(New Africa/Shutterstock)
Because the earliest days of huge information, information engineers have been the unsung heroes doing the soiled work of shifting, reworking, and prepping information so extremely paid information scientists and machine studying engineers can do their factor and get the glory. Because the agentic AI period dawns on us, it opens up a bunch of latest information engineering alternatives–in addition to doubtlessly catostrphic pitfalls.
Frank Weigel, the previous Googel and Microsoft govt who was not too long ago employed by Matillion to be its new chief product officer, overtly puzzled to a reporter not too long ago whether or not the Agentic AI Air was on a glideslope for catastrophe.

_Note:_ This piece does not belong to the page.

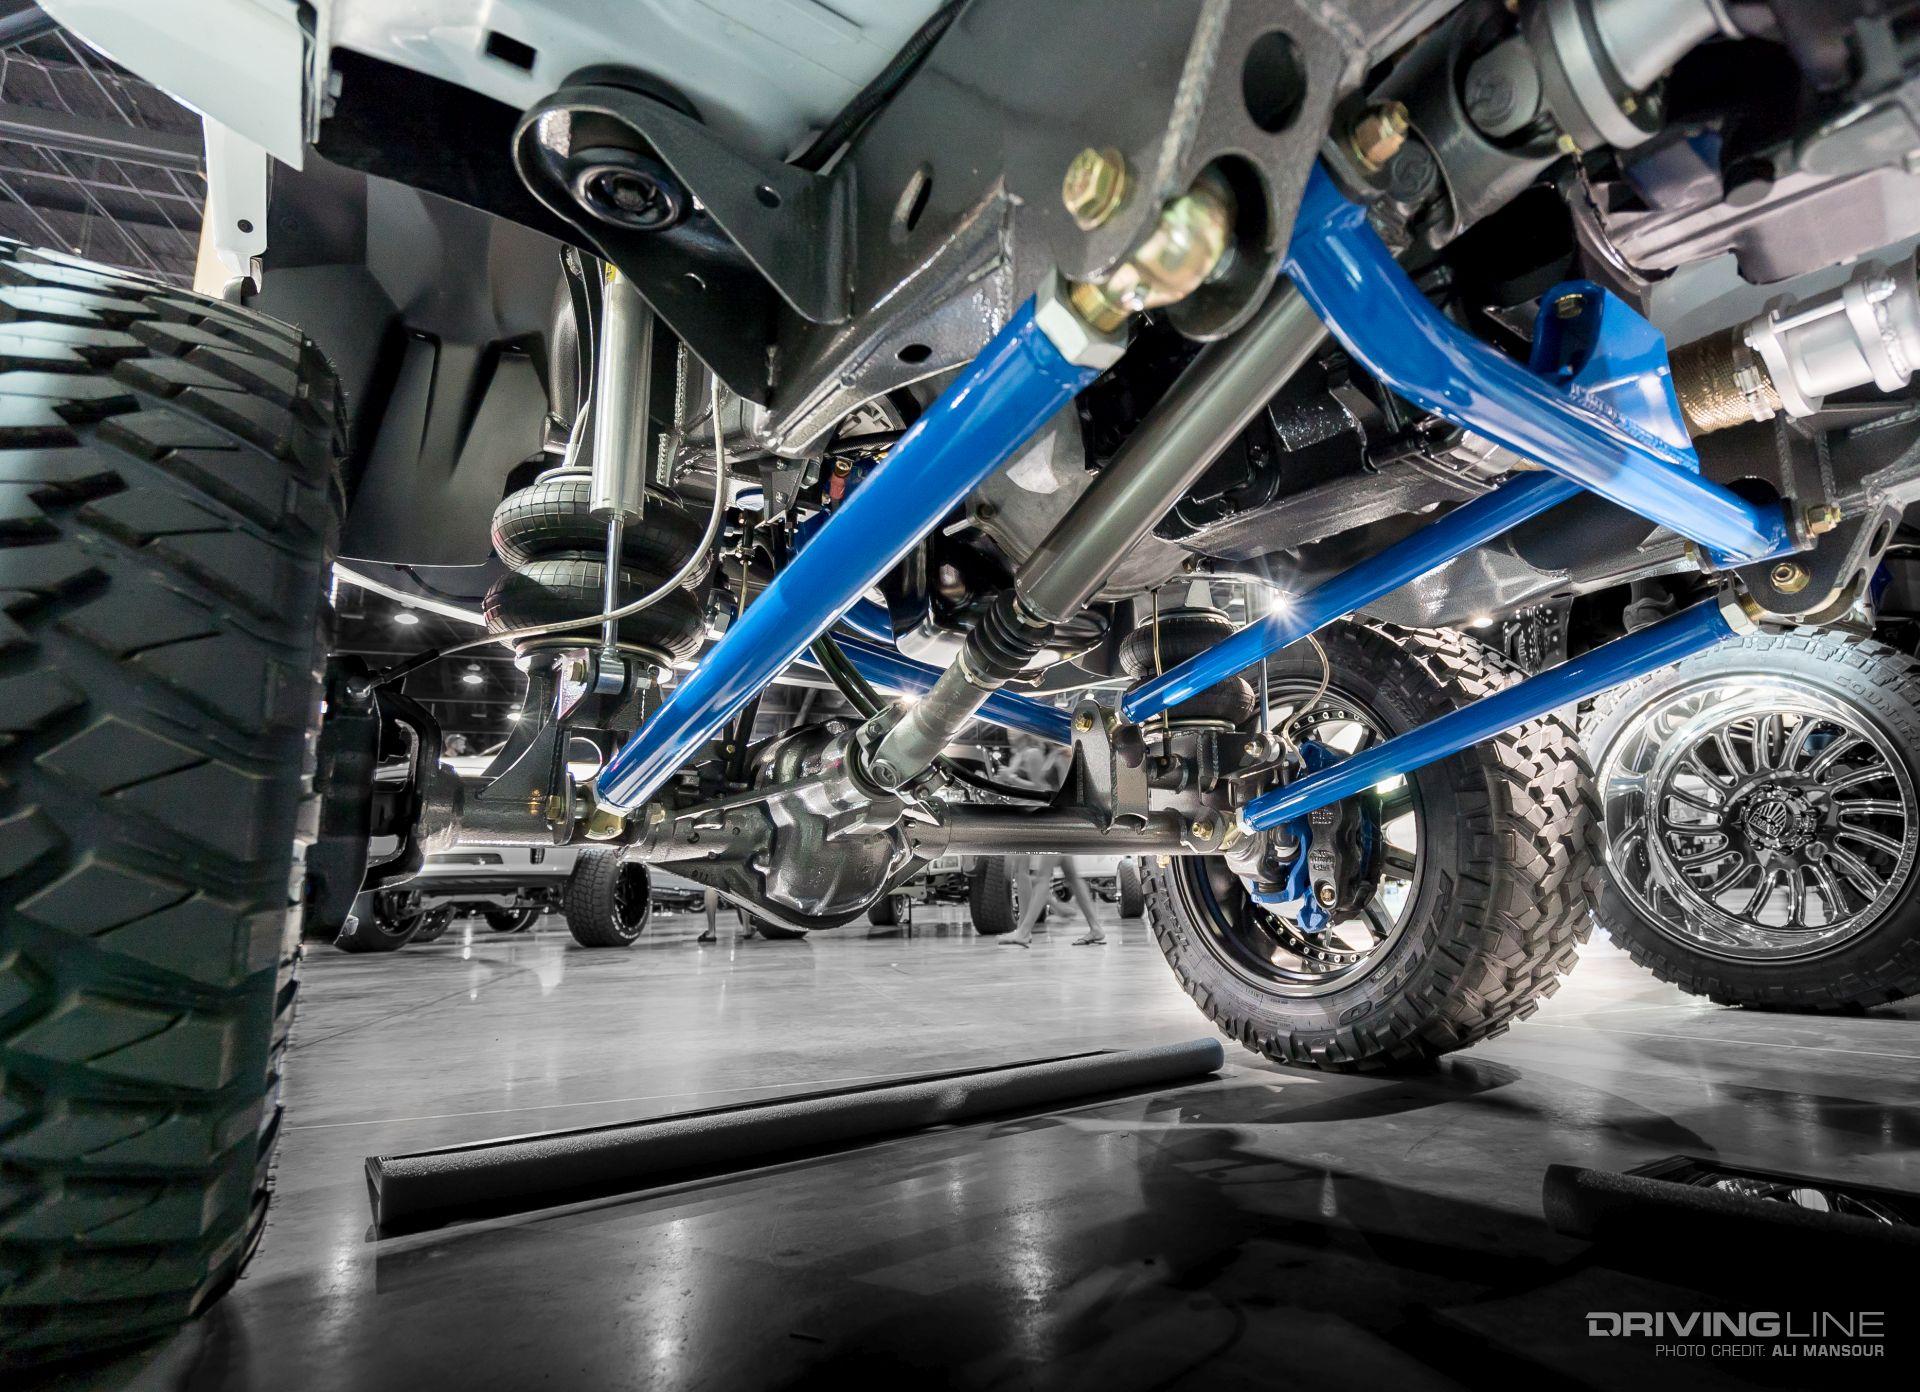 4btmins Solid Axle Swap The Dodge Dakota Of Your Dreams Drivingline

“Principally, we see there’s an enormous drawback coming for information engineering groups,” Weigel mentioned in an interview throughout the latest Snowflake Summit. “I’m undecided all people is totally conscious of it.”
Right here’s the problem, as Weigel defined it:
The explosion of supply information is one facet of the issue. Knowledge engineers who’re accustomed to working with structured information are actually being requested to handle, prep, and rework unstructured information, which is harder to work with, however which in the end is the gasoline for many AI (i.e. phrases and footage processed by neural networks).

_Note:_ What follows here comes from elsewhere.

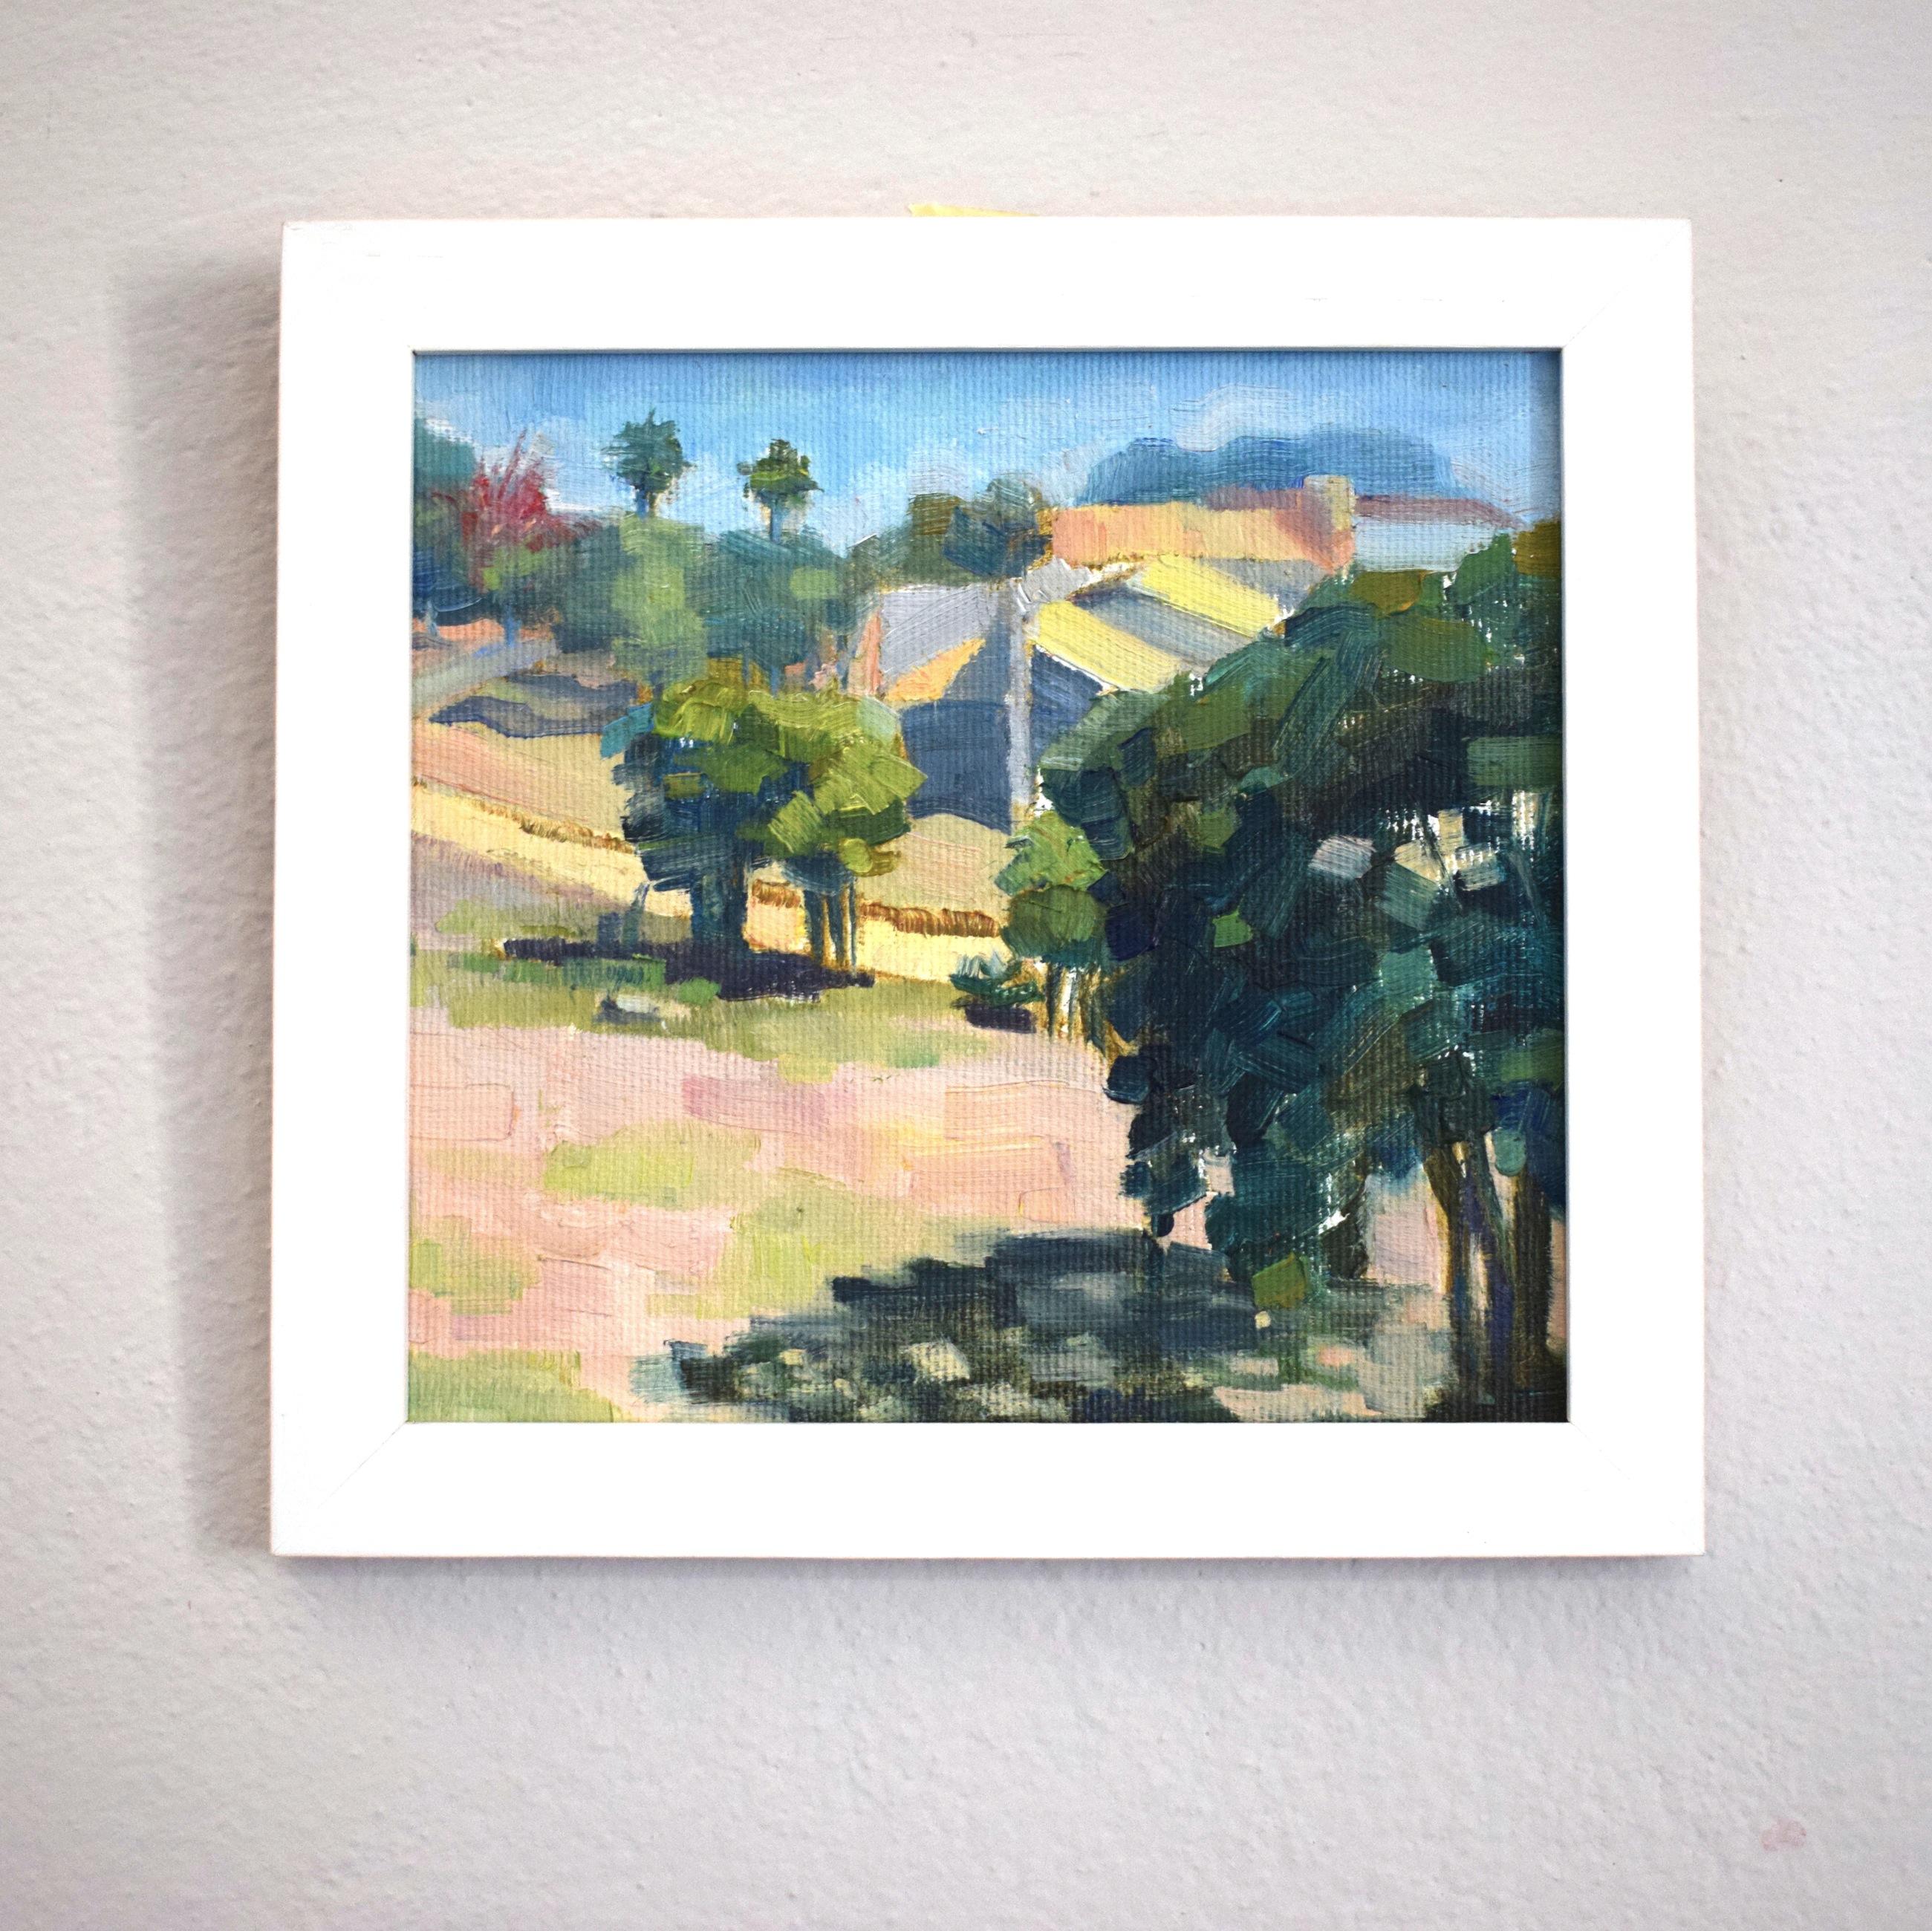 Original plein air paintings from Brazil

Knowledge engineers are already overworked. Weigel cited a examine that indicated 80% of knowledge engineering groups are already overloaded. However whenever you add AI and unstructured information to the combination, the workload problem turns into much more acute.
Agentic AI gives a possible answer. It’s pure that overworked information engineering groups will flip to AI for assist. There’s a bevy of suppliers constructing copilots and swarms of AI brokers that, ostensibly, can construct, deploy, monitor, and repair information pipelines once they break. We’re already seeing agentic AI have actual impacts on information engineering groups, in addition to the downstream information analysts who in the end are those requesting the info within the first place.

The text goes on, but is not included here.